17:41imirkin_: gouchi: i think you're missing some words
17:41imirkin_: sure, modetest can set those KMS properties
17:42gouchi: imirkin_: https://01.org/linuxgraphics/gfx-docs/drm/drm-kms-properties.html because nouveau has those properties
17:42gouchi: nice !
17:42gouchi: imirkin_: thank you
17:43imirkin_: i think dithering mode and underscan are swapped in those docs
17:44imirkin_: 6bpc/8bpc makes sense for dithering mode, not underscan
17:46mvaenskae: imirkin_: thanks a lot for your help though
17:46mvaenskae: also for the quick help at that
17:46imirkin_: mvaenskae: sorry there's no great answer
17:46imirkin_: mvaenskae: in *general* fermi/kepler tend to be more stable
17:46imirkin_: but hardly perfect
17:46mvaenskae: it is good to know that there is not much hope and i will look at having no nvidia card in my next laptop
17:47mvaenskae: but as mentioned, this was a gift :)
17:47mvaenskae: i will try going with intel only from now on
17:48imirkin_: amd tends to be pretty decent too if you require something with a bit more oomph
17:49mvaenskae: i just want something to render my screen and watch some youtube vids
17:49mvaenskae: no gaming, no rendering of blender stuff
17:49imirkin_: right. don't need a lot of oomph for that.

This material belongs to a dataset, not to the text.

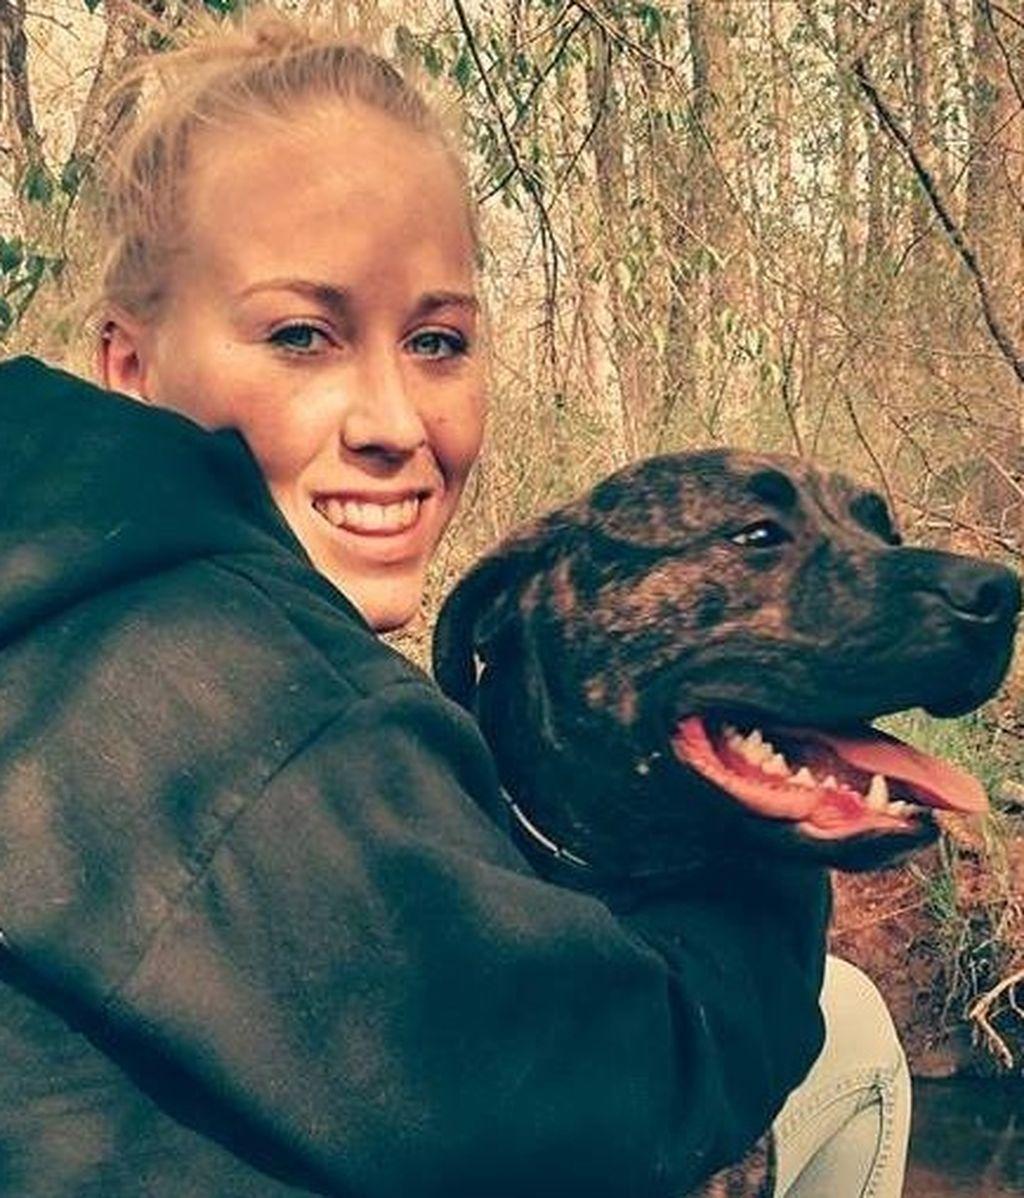 Bethany Lynn Stephens posando con uno de sus pitbulls

17:51imirkin_: gouchi: note that modetest will need to become KMS master in order to modify those properties (i think)
17:51imirkin_: gouchi: i dunno what you're trying to do though
17:52imirkin_: [and i also haven't the faintest clue whether those properties persist between "masters"]
17:52gouchi: imirkin_: we tried to fix this issue https://github.com/libretro/Lakka/issues/408
17:53imirkin_: what's Lakka?
17:54gouchi: imirkin_: linux distribution based on openelec and we are using drm/kms egl on PC
17:55imirkin_: i don't think we enable underscan by default. dunno - maybe we do.
17:55imirkin_: unfortunately the bug reporter doesn't mention what GPU he has..
17:56imirkin_: anyways, it'd be trivial to write a more directed application like modetest that's just designed to set properties. modetest is really designed around testing...
17:56imirkin_: presumably you already have software which interacts with kms - should just teach it how to configure properties
17:57gouchi: I see right
17:58imirkin_: basically modetest is for "hey, i just implemented this feature, and want to test out if it works, but don't want to teach the whole stack about it quite yet"
17:58imirkin_: which means it ends up supporting fiddling with basically everything in kms :)
17:59gouchi: imirkin_: he has NVIDIA G72 (246300b1) | bios: version 05.72.22.76.00
18:00imirkin_: aha. so old-school dispnv04. super.
18:03imirkin_: looks like that starts out with overscan = "50" for TV outputs (i.e. composite/s-video)
18:04imirkin_: and there's a different tv_overscan property
18:05imirkin_: the docs you saw were for nv50+ connectors
18:06imirkin_: oh no. it's called "overscan"
18:07imirkin_: and it defaults to 50, but i haven't the faintest clue what that means
18:07imirkin_: pixels? random units?